The exercises I am giving these students recapitulate much of the aesthetic thinking that went into my PhD dissertation, "Trigger point theory as aesthetic activism," which was sent out to my Viva Examiners at the University of Plymouth, UK this past week, in preparation for my oral defense, which will take place early 2015.  The thinking in that writing attempted to layer a variety of points of view and approaches to data about localized sites, in order to develop strategic restoration plans for large bioregions. In that writing, in addition to statistical analysis and geographic information systems (GIS) mapping, I also considered philosophical presumptions challenged, for example by ecofeminists. That strategic approach is a methodology that solves problems dualistically: from simultaneously observing  large global patterns and from observing what scientists call the more "fine-grained" details of specific and local situations. As I now enter the final phases of my dissertation process, I can begin to step back and reconsider the larger patterns I researched for five years.

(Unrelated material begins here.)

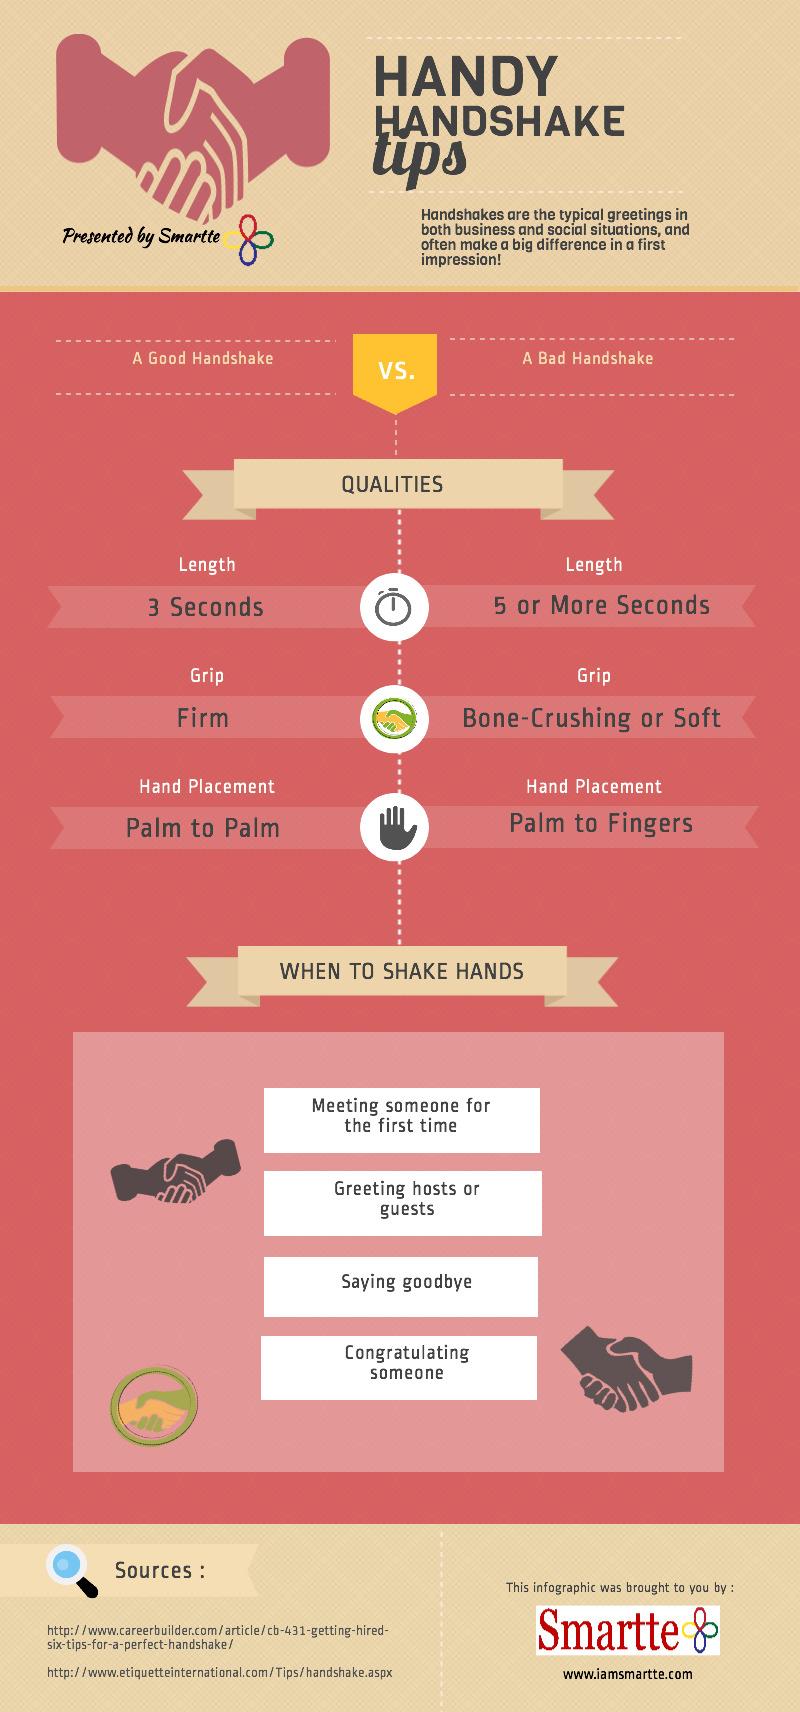 Handshake Tips

The largest pattern I think we're all facing, that was implicit to me in all my dissertation writing, is in how geopolitics are being catalyzed by the causes and effects of climate change. As an artist, I want to see that larger pattern and apply my formal tools, the "technology of (my) perception," to change the patterns I see. Art. of course, doesn't work exactly so directly. We experience life, in the sense John Dewey wrote about, and then we work through a complex process from which 'something' emerges … which then affects others … and eventually, sooner or later, affects change to the culture. Artists may be helpless about the timetable for that change but we CAN shed light on what change looks like, whether the evidence is reflected in Hong Kong or Gaza.

As a person whose family were among the early founders of the state of Israel, going back to the late nineteenth century, and whose father was especially open to the plight of local Arabs there, I have had a special interest in events in the Middle East and engaged in several FB threads during the most recent war, struggling as many were, to understand the horrific consequences of patterns unfolding beyond our control. Yesterday, I heard an illuminating conversation and wrote about it on FB:

"By far the best discussion I've heard on Israel-Palestine was recently on WNYC radio: https://www.wnyc.org/radio/#/ondemand/405279


What I found excellent about this discussion were two points: 

1. A critique of the lack of context in most of the summer discussions during & after the war; specifically, the role of the Protocols of Zion in the radical anti-semitism that is fueling both Hamas and ISIS. The discussant argues that this legitimates an unrealistic focus on the "moral failings of Jews." He argues that in the context of media narratives, particularly in Europe, that context fuels anti-Zionism. 

2.An analysis of the absence of a larger geopolitical framing of conversations, in public and private that would include the larger Arab world demographic narrative over the past 100 years. 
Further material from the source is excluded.